So what I got was that they want me to reverse everything I think not sure..
R_x-axis:Triangle ABC = T(x,y) to (x, y-3)
The points given for the image of the following are
$$A''(2,5) B''(-4,2) C''(-1,-6) $$
So the first thing i thought i would do was to reverse $$(x,-y)$$
As That's the way you do the reflection across So
The first points i did
$$ A(2,-5)B(-4,-2) C (-1,6)$$
I got this as I thought if the point was (2,5) after the reflection all i had to do was reverse it so i thought the original was (2,-5) so i thought the negative was cancelled when you did the transformation.

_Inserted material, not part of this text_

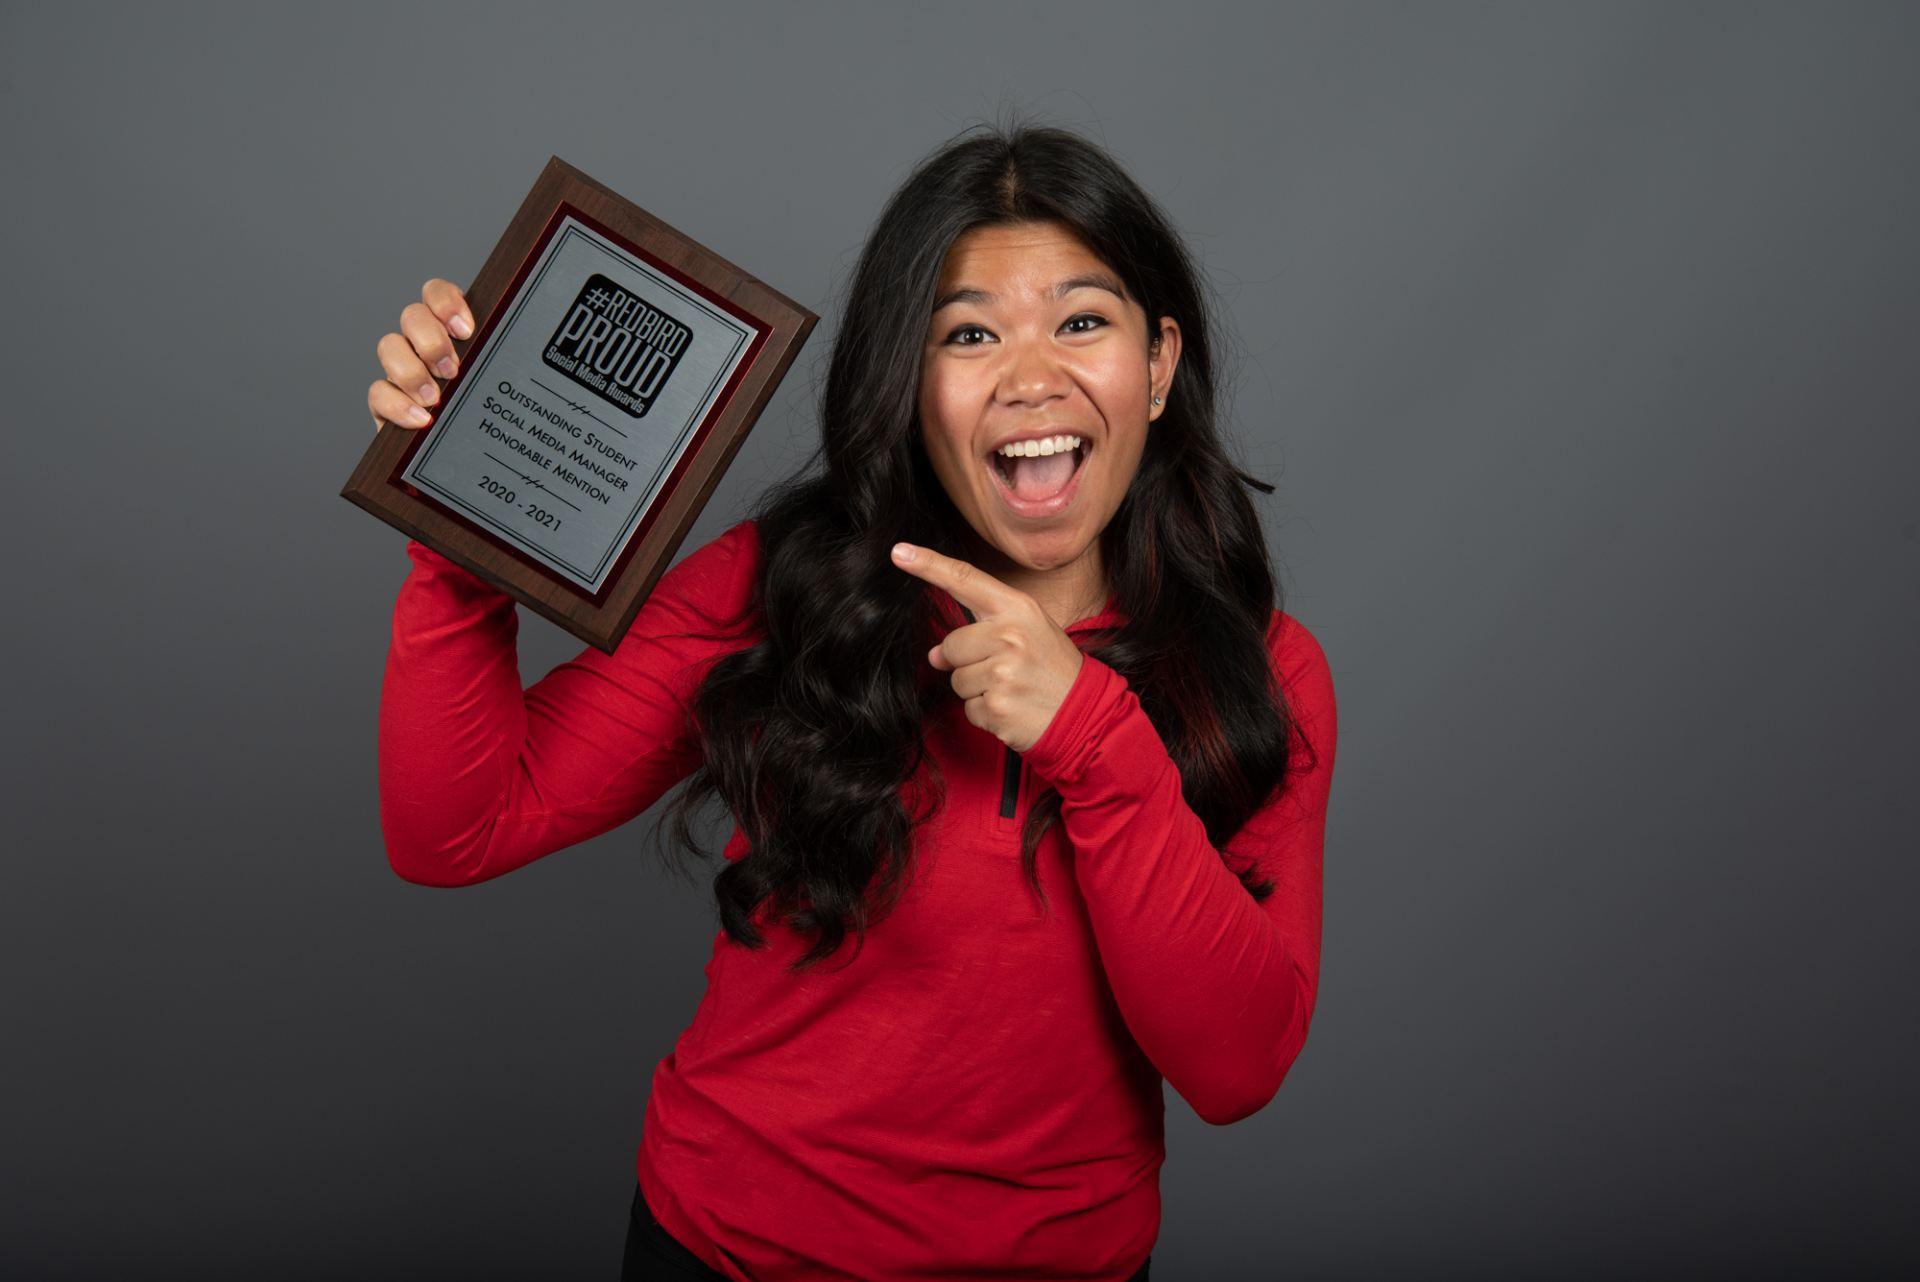 Leia Atas posed with award

than i did the other part of the question as asked
$$A(2,-2) B(-4,5) C(-1,-3) $$ the same way i got the first part of the question, just reversed what the question say so (y-3) than that means i just have to go 3 units up to reverse? But the points i got are wrong
In the terminology of mathematics, the pre-image of a set $X$ under a function $f$ is the set of points $Y$ such that $f(Y)$ is in $X$. In other words, you were given
and are asked to find the set of all inputs which would be turned into the given outputs.

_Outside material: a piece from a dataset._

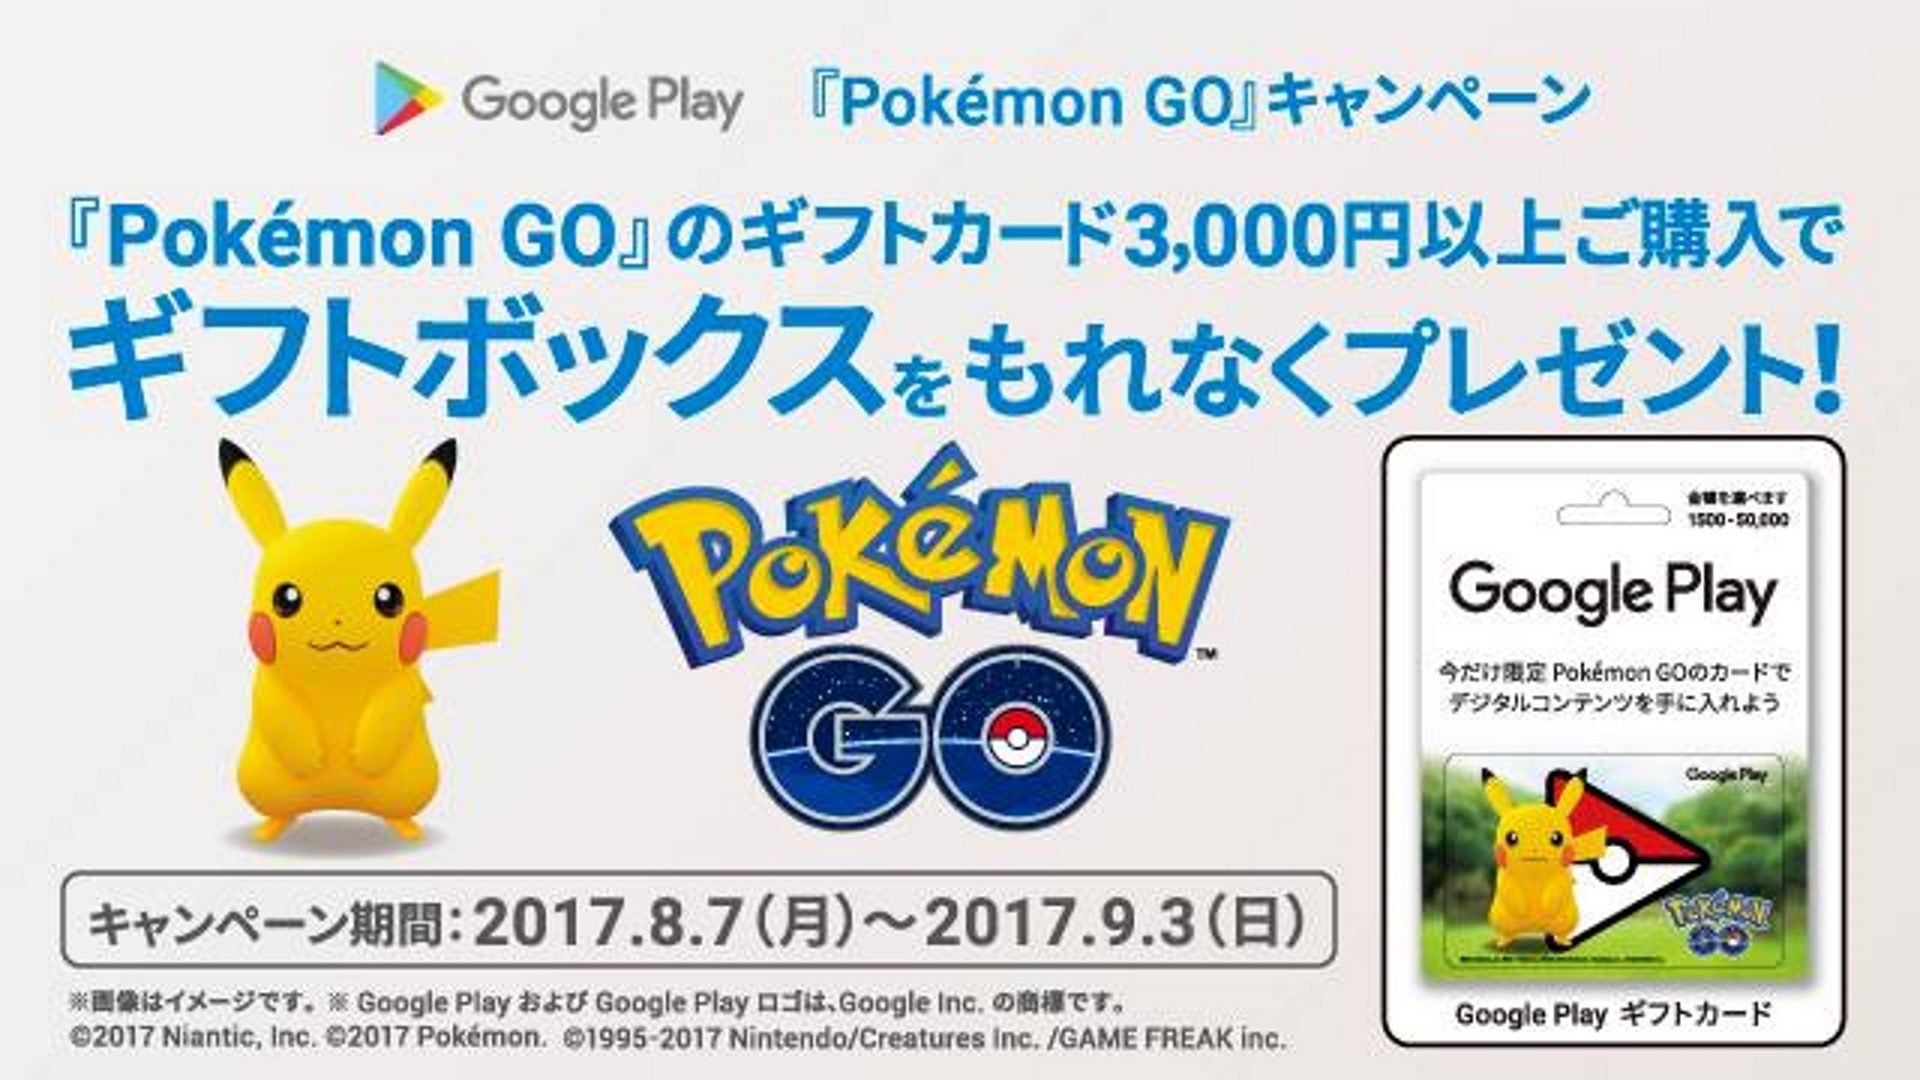 「Pokémon GO」Google Playギフトカード3,000円以上購入でギフトボックスプレゼント

In your particular case, you've got a very simply function - it's surjective (that is, every possible point in 2D space is an output from at least one input) and injective (every point is the output from at most one input). So your function has an inverse, and finding the preimage of a set is a simple matter of finding the inverse of your transformation rule and applying that to your set. The transformation rule $T$ takes points $(x, y)$ and maps them to $(x, y - 3)$. To reverse this, you would indeed map $(x, y)$ to $(x, y + 3)$.